START Source material

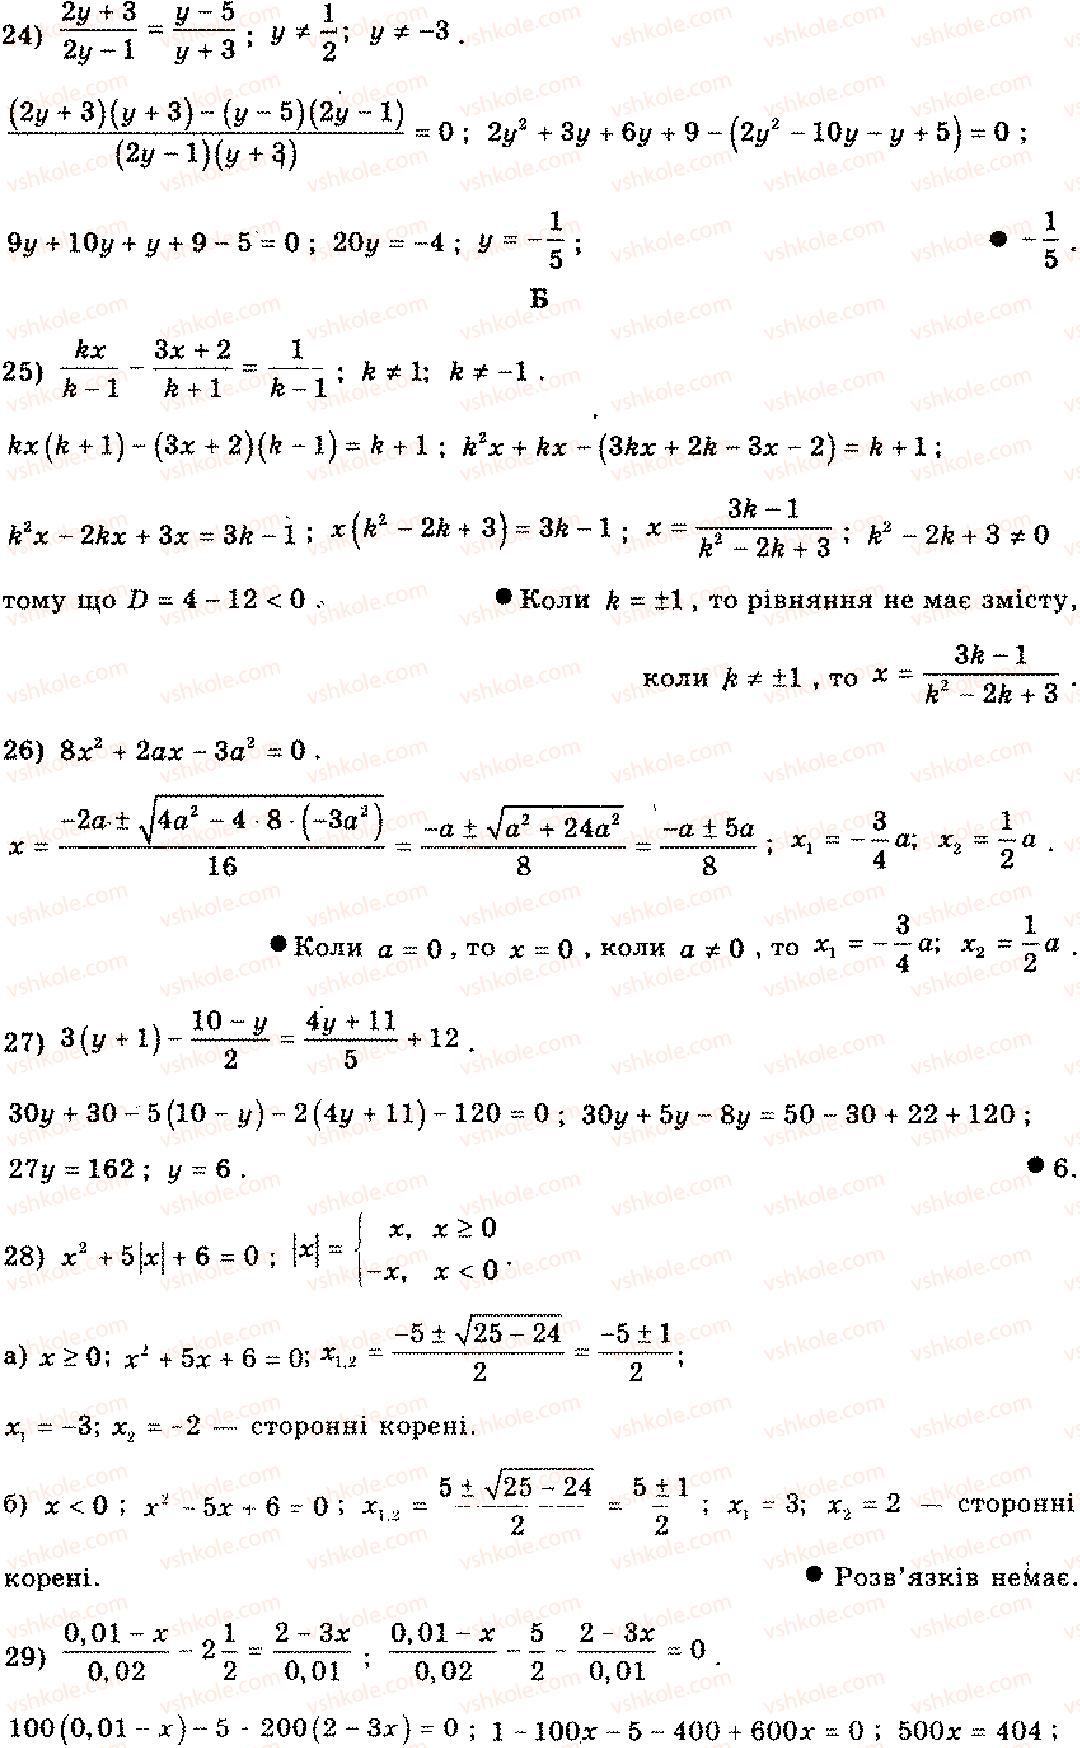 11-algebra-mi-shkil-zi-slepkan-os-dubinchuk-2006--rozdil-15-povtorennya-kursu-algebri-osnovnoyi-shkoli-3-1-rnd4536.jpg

END Source material
START Source material

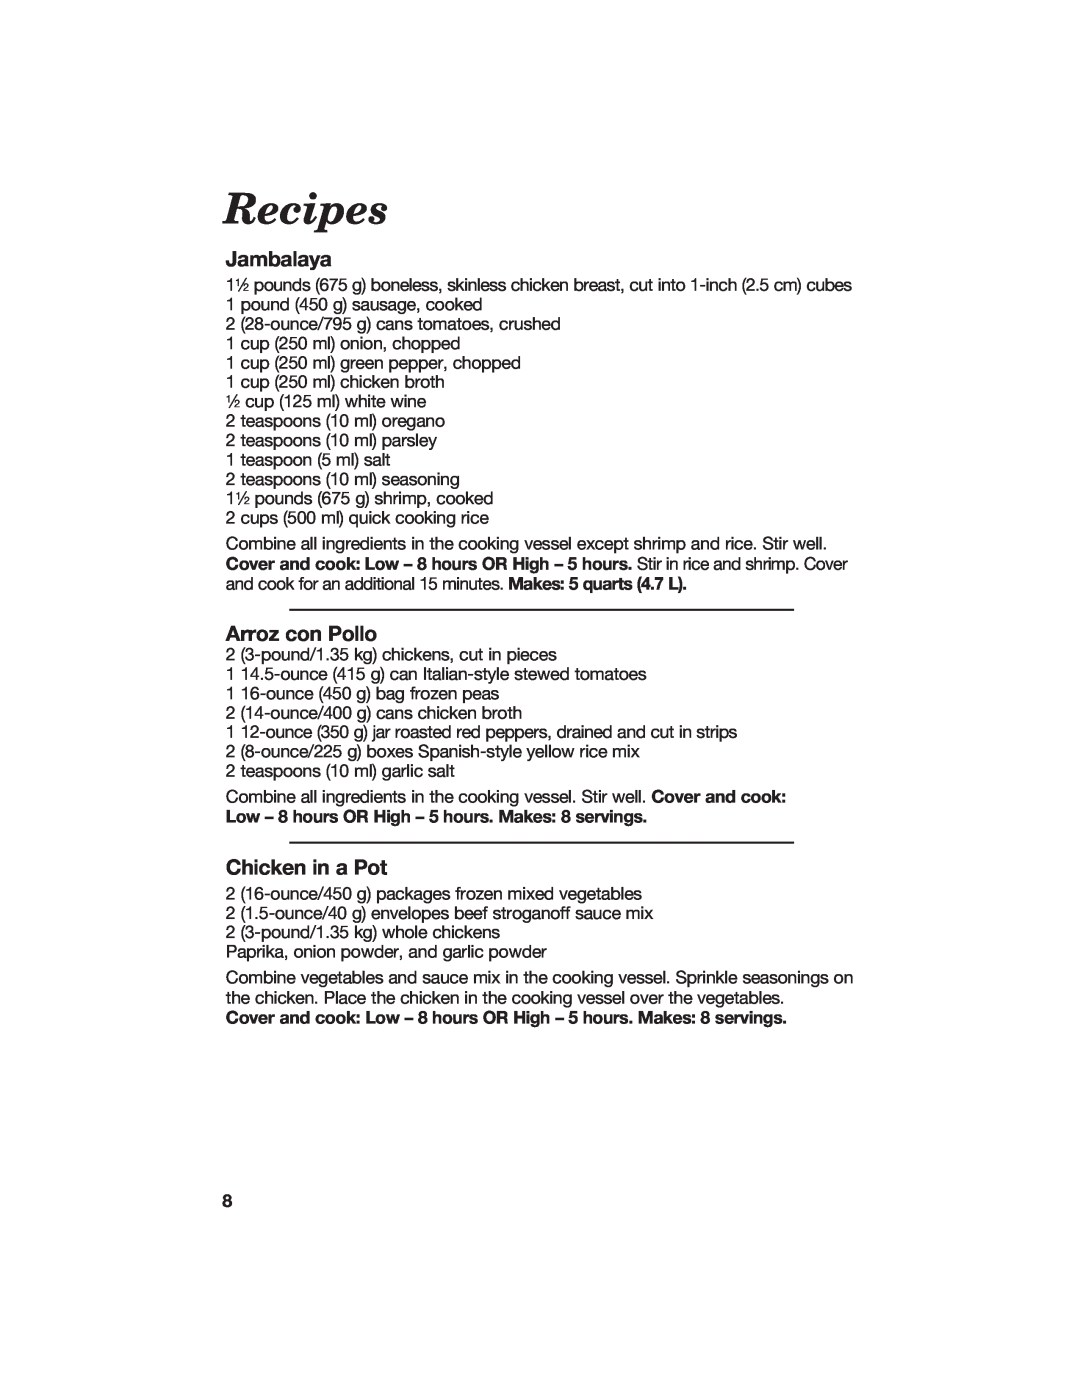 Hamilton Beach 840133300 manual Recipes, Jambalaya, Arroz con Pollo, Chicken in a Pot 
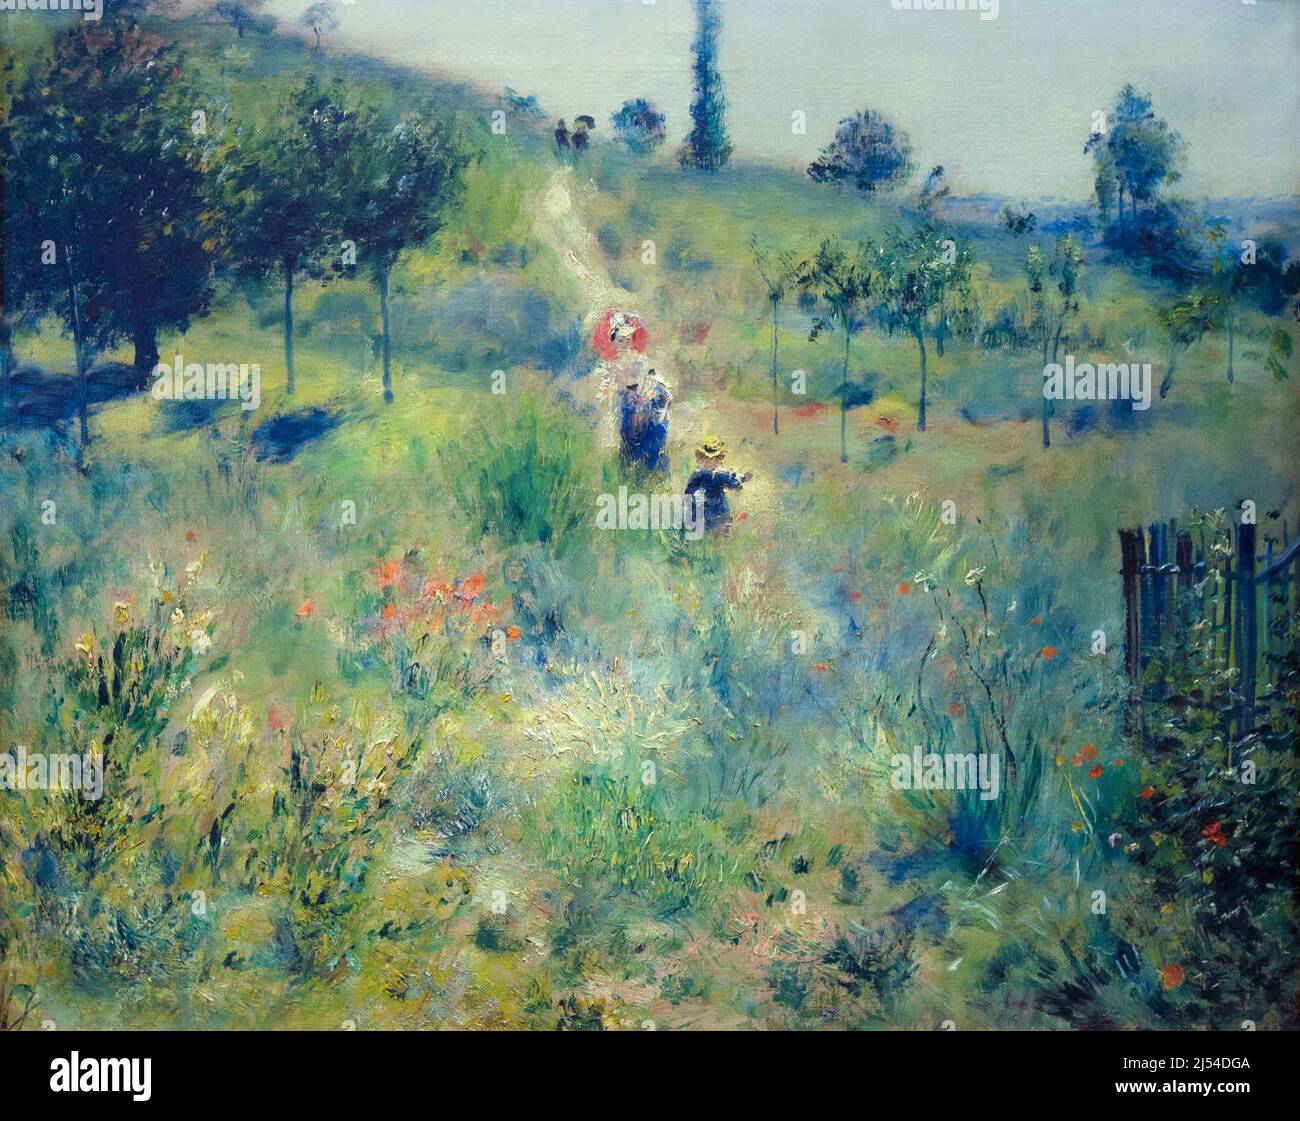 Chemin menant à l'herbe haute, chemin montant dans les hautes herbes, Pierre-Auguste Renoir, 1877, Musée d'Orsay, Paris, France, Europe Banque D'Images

END Source material
START Source material

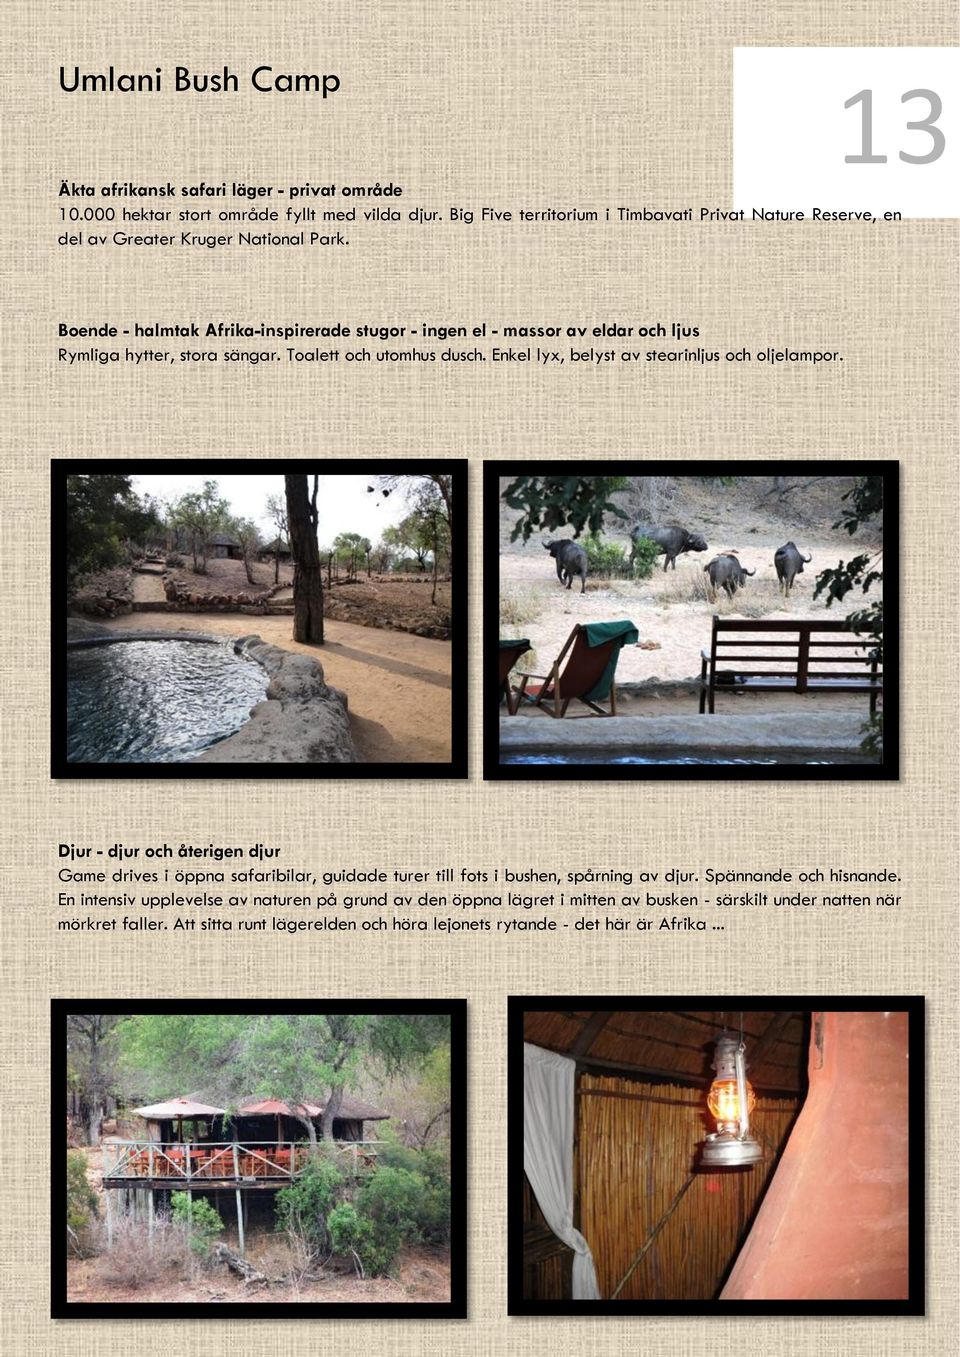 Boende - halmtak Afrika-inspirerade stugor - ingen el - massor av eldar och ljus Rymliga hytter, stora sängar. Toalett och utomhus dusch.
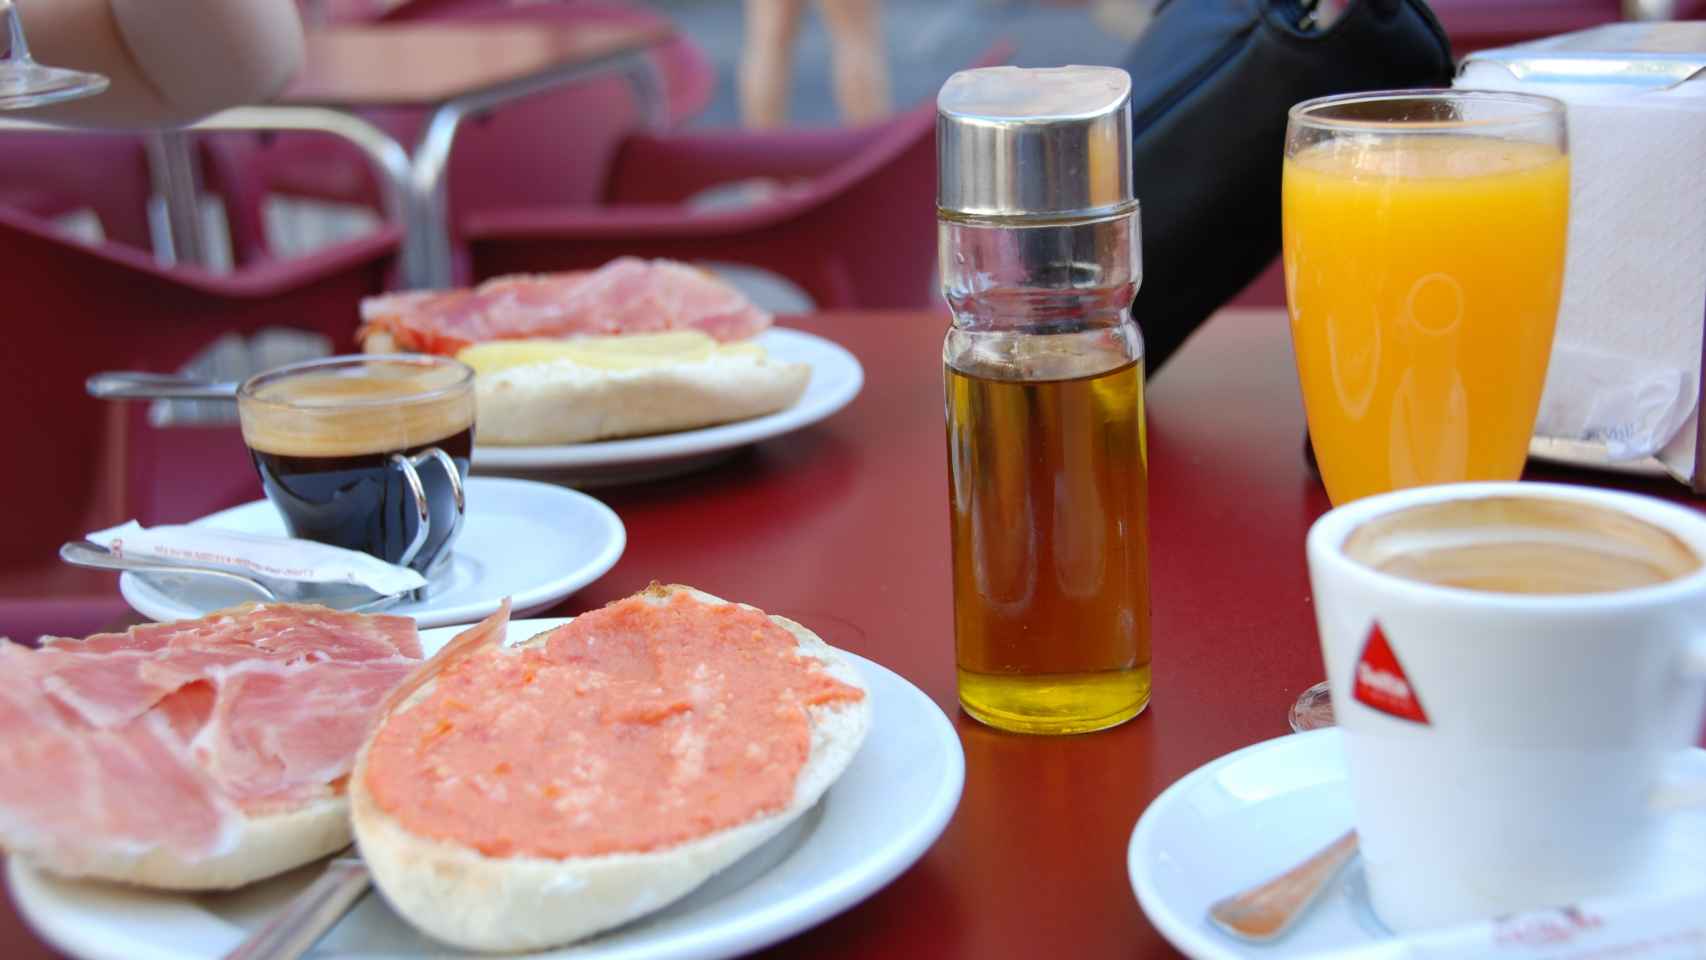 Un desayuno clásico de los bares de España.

END Source material

Could you repeat, exactly, only the lines above starting at the one that has "Hamilton Beach 840133300" and stopping after the one that has "Chemin menant à", without the pictures?

 Hamilton Beach 840133300 manual Recipes, Jambalaya, Arroz con Pollo, Chicken in a Pot 
 Chemin menant à l'herbe haute, chemin montant dans les hautes herbes, Pierre-Auguste Renoir, 1877, Musée d'Orsay, Paris, France, Europe Banque D'Images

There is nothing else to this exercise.